DATA PROVIDED
BEGIN

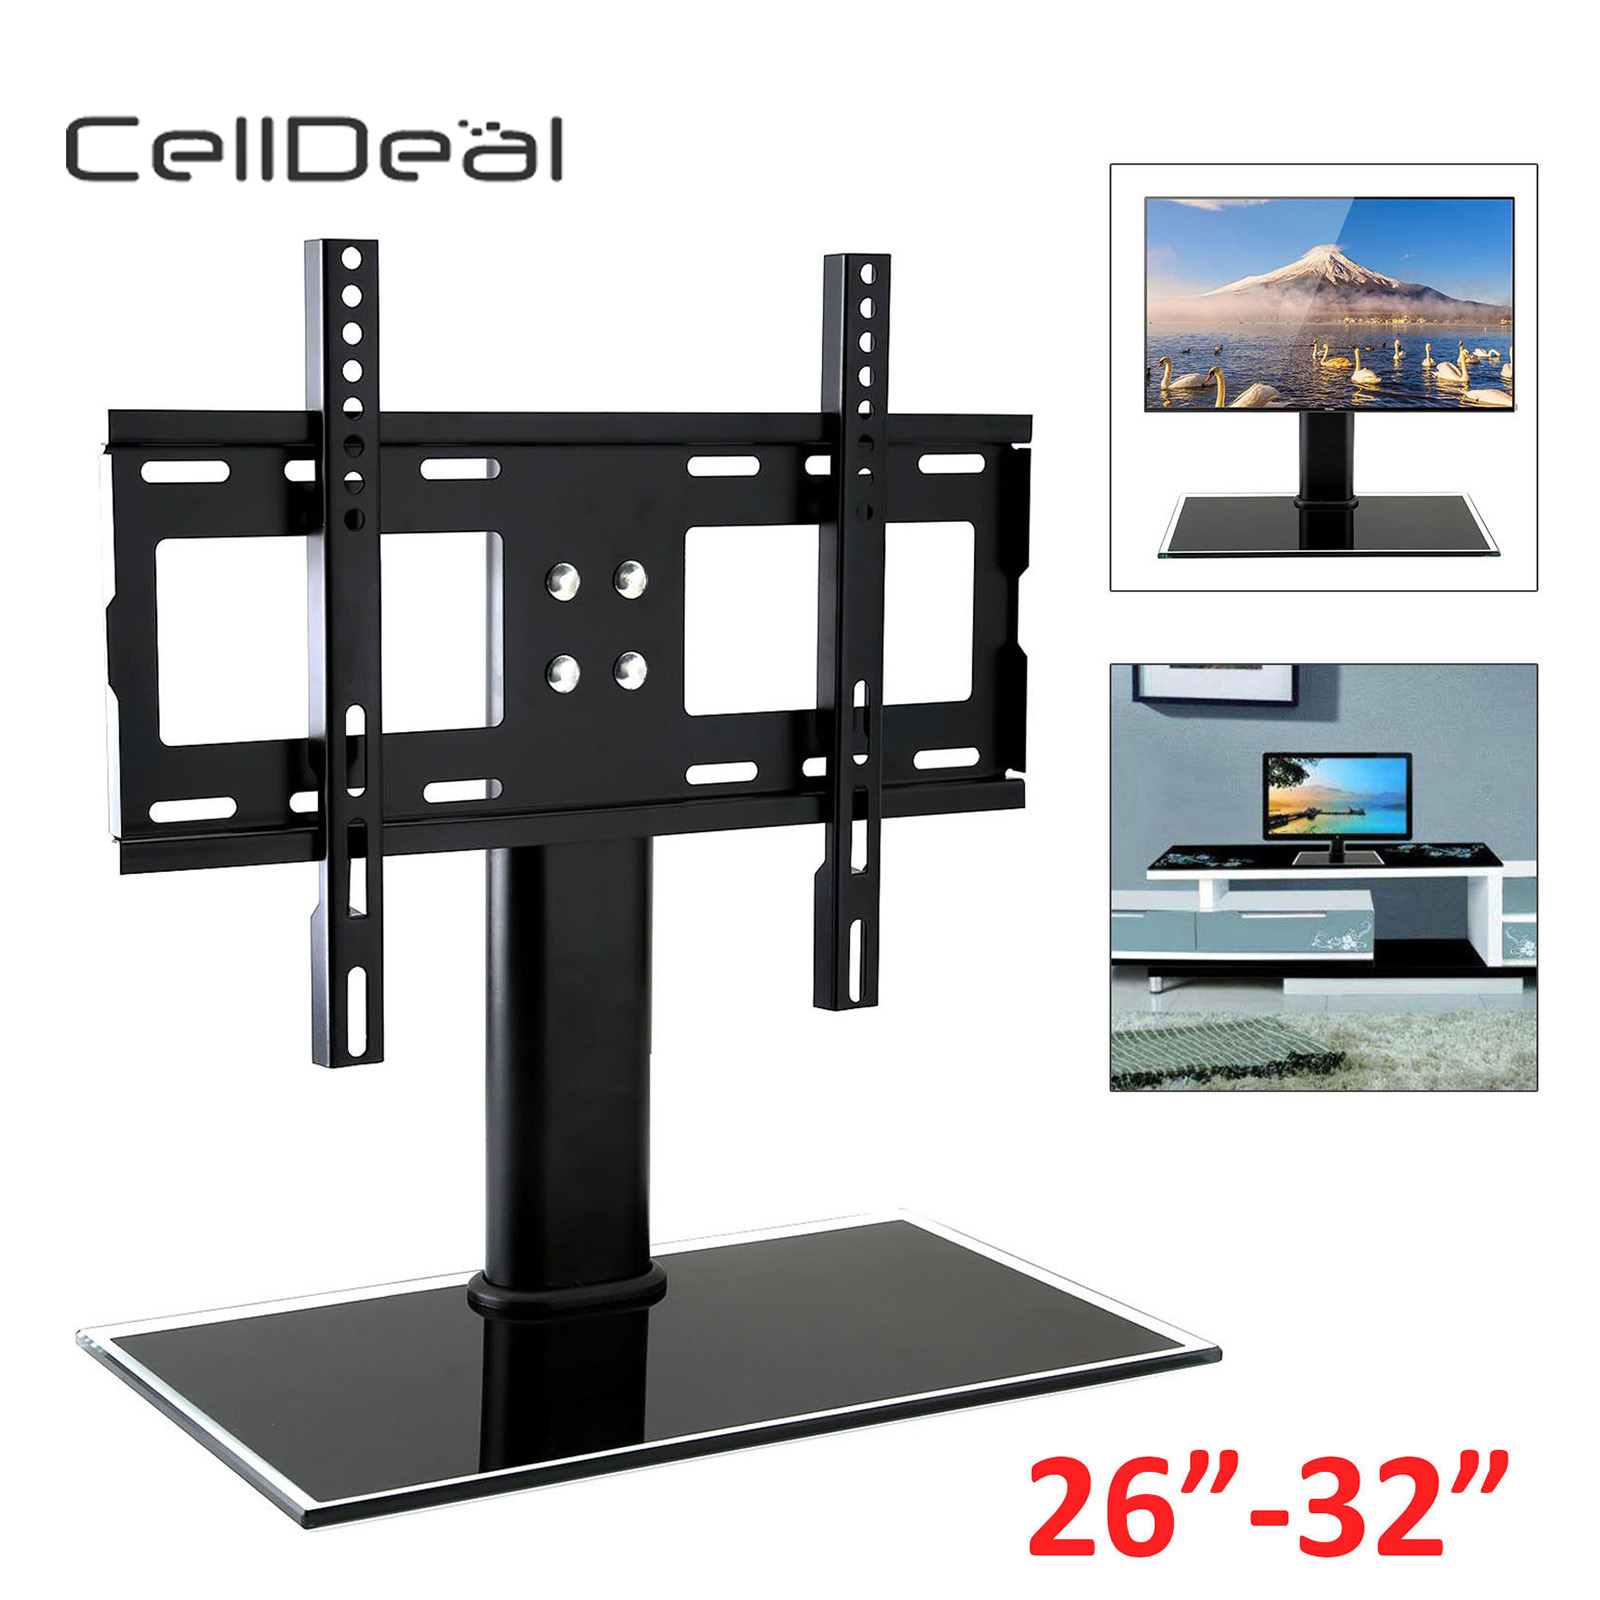 26-32 Universal Table TV Stand Bracket Pedestal LED LCD VESA Mount Metal Hanger for Frames26-32 Universal Table TV Stand Bracket Pedestal LED LCD VESA Mount Metal Hanger for Frames
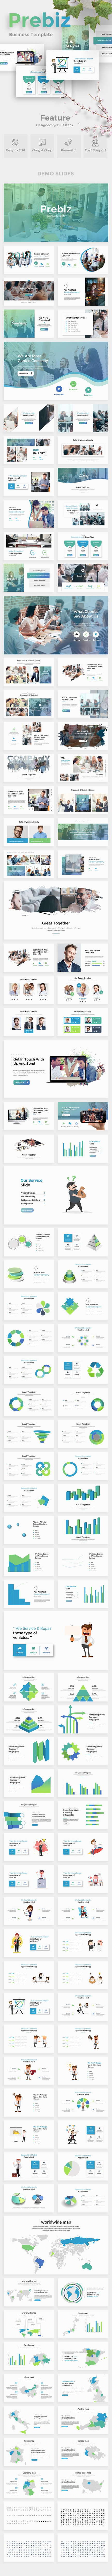 Prebiz Business Google Slide Template - Google Slides Presentation Templates
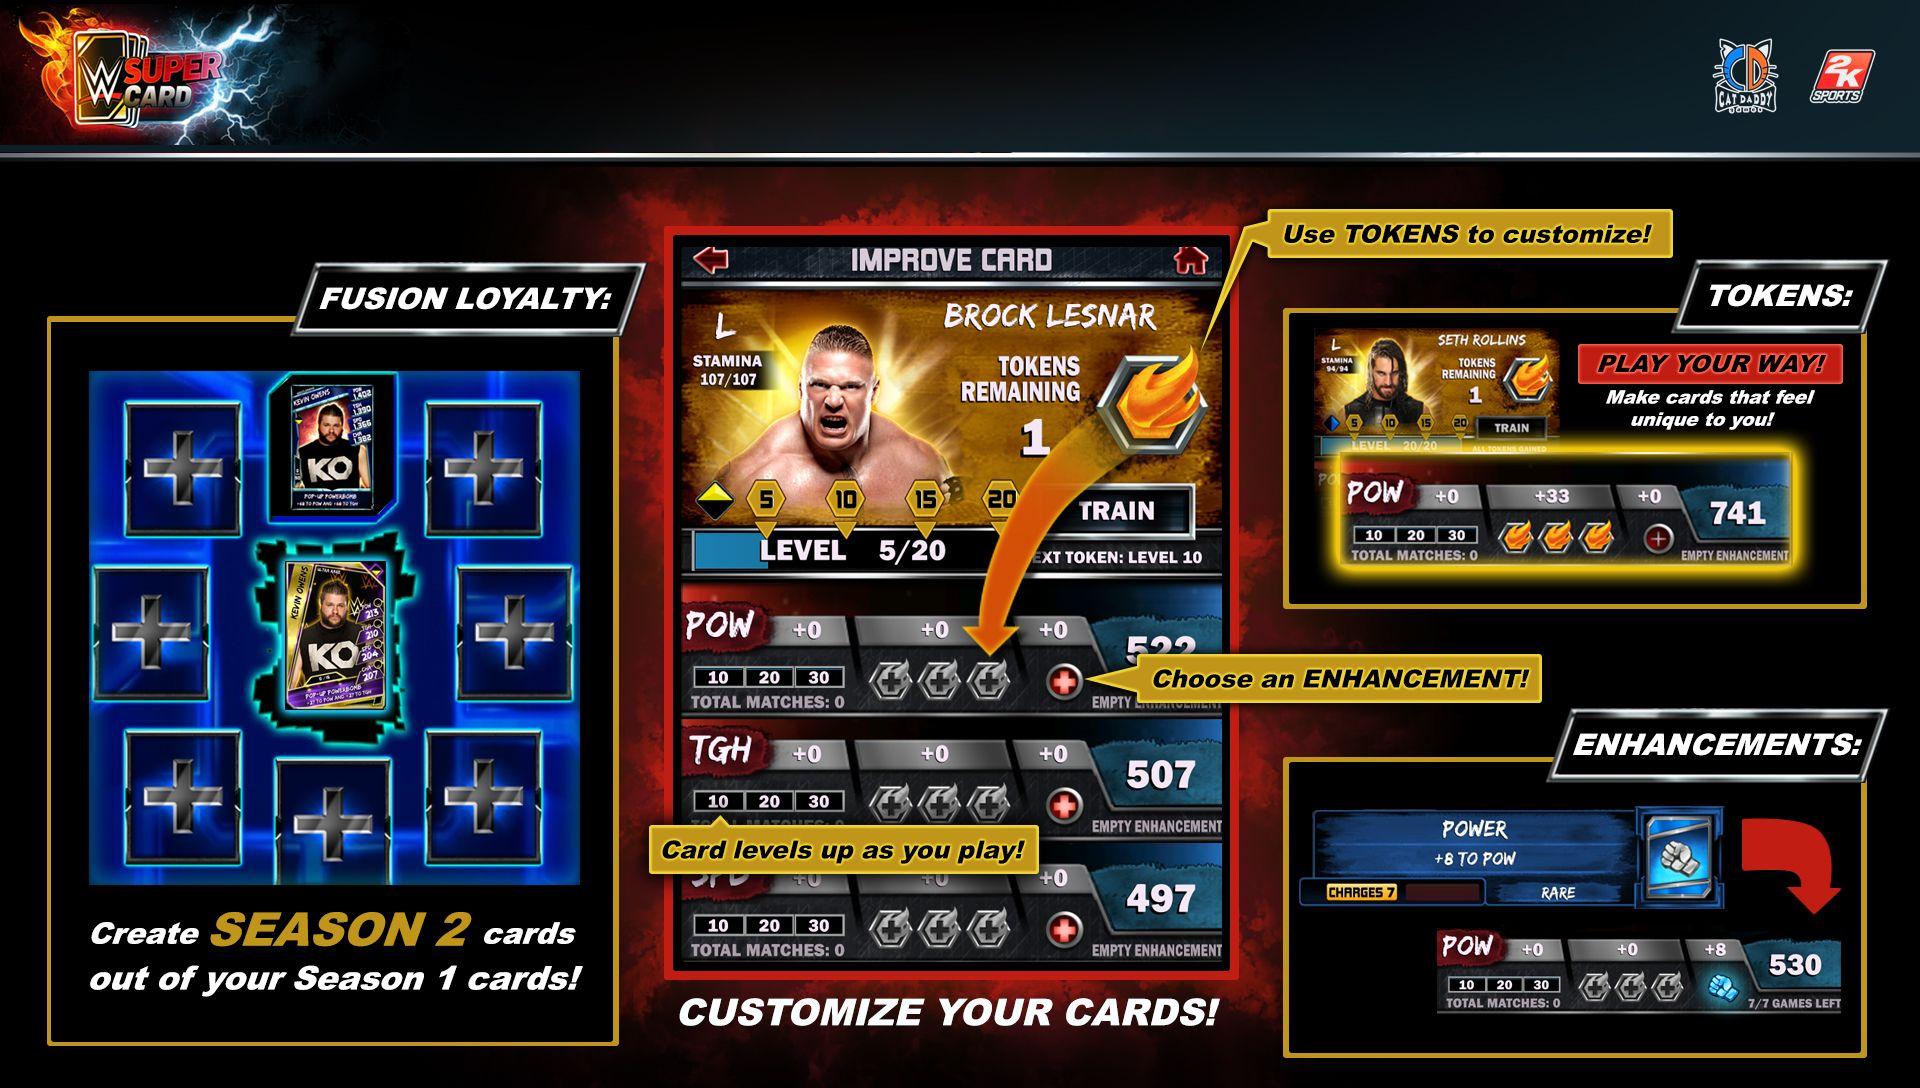 Introducing Season 2 of WWE SuperCard

END

Find the line that contains "Prebiz Business Google" and repeat it, along with every line after it to the end of the data, exactly; drop the pictures.

 Prebiz Business Google Slide Template - Google Slides Presentation Templates
 Introducing Season 2 of WWE SuperCard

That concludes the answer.